**Raw data**
--- START ---
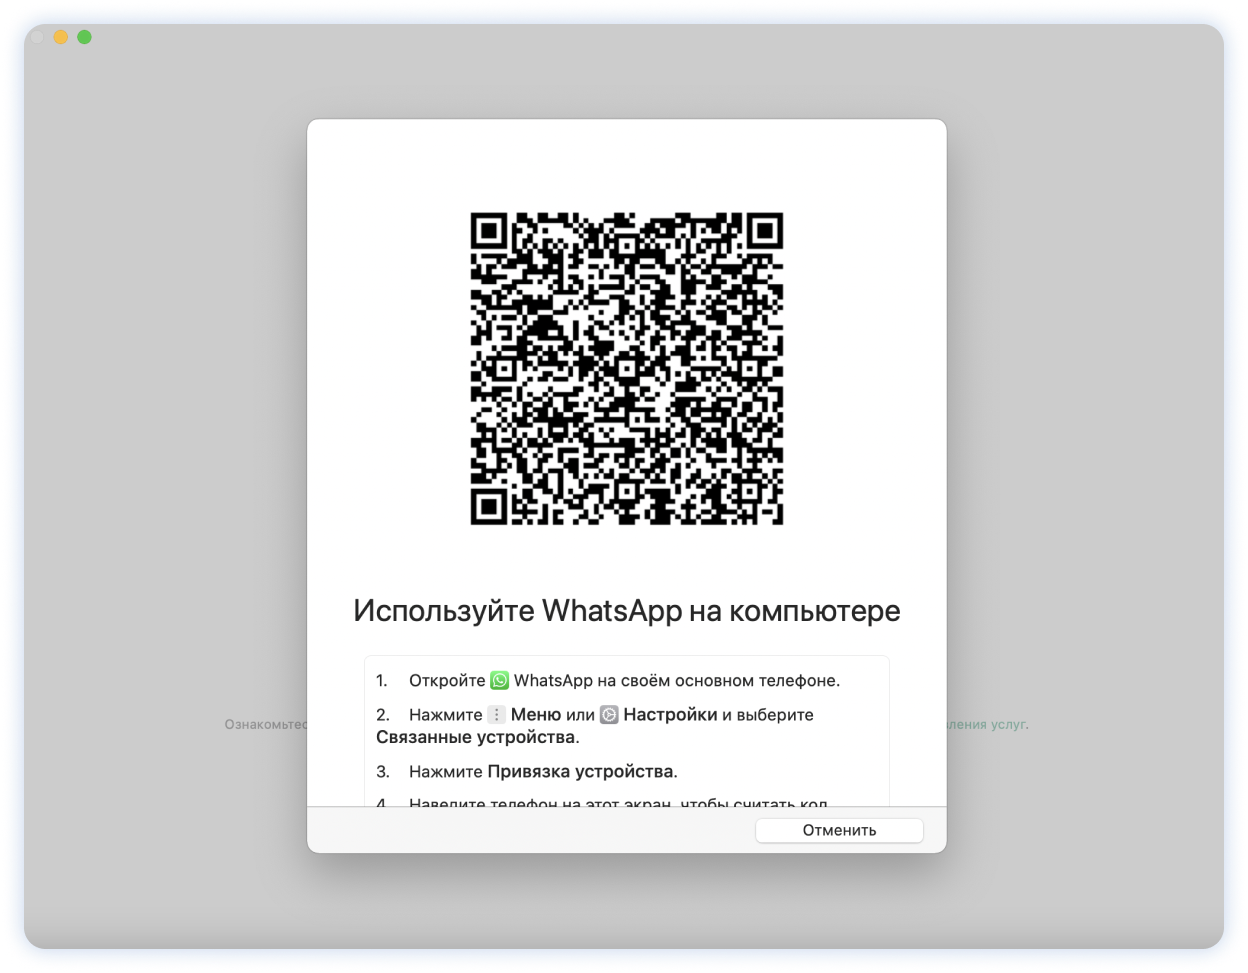 Синхронизация WhatsApp*: как пользоваться мессенджером сразу на нескольких устройствах
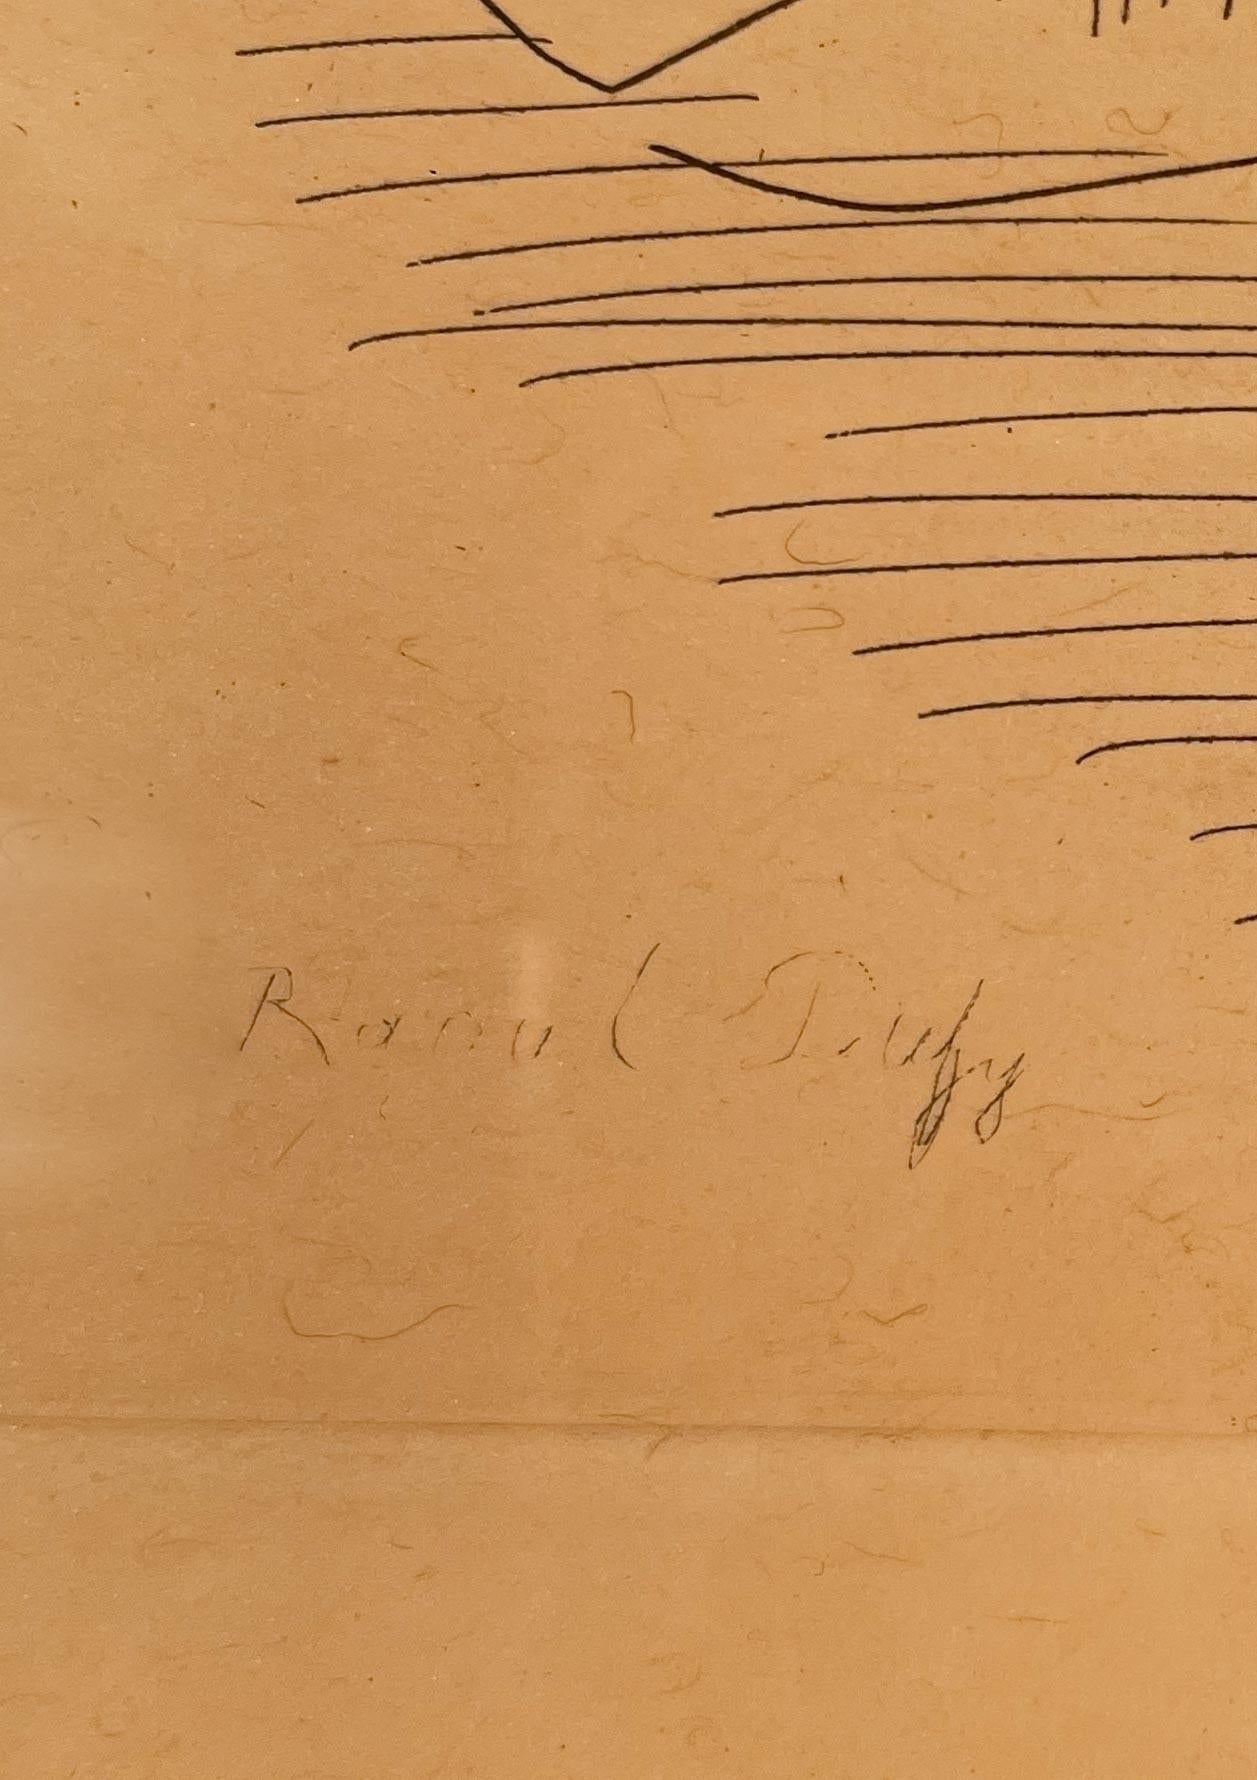 Liegende Frau von Raoul Dufy (1877-1953)
Radierung auf Papier
5 ½ x 7 ½ Zoll ungerahmt (13,716 x 19,05 cm)
13 ⅝ x 15 Zoll gerahmt (34,6202 x 38,1 cm)
Signiert unten links
Ausgabe von 19/200

Beschreibung:
Raoul Dufy porträtiert auf diesem Bild eine
--- END ---
**Task to complete**
Leave out the pictures; repeat the data exactly.

**Worked solution**
 Синхронизация WhatsApp*: как пользоваться мессенджером сразу на нескольких устройствах
 Liegende Frau von Raoul Dufy (1877-1953)
Radierung auf Papier
5 ½ x 7 ½ Zoll ungerahmt (13,716 x 19,05 cm)
13 ⅝ x 15 Zoll gerahmt (34,6202 x 38,1 cm)
Signiert unten links
Ausgabe von 19/200

Beschreibung:
Raoul Dufy porträtiert auf diesem Bild eine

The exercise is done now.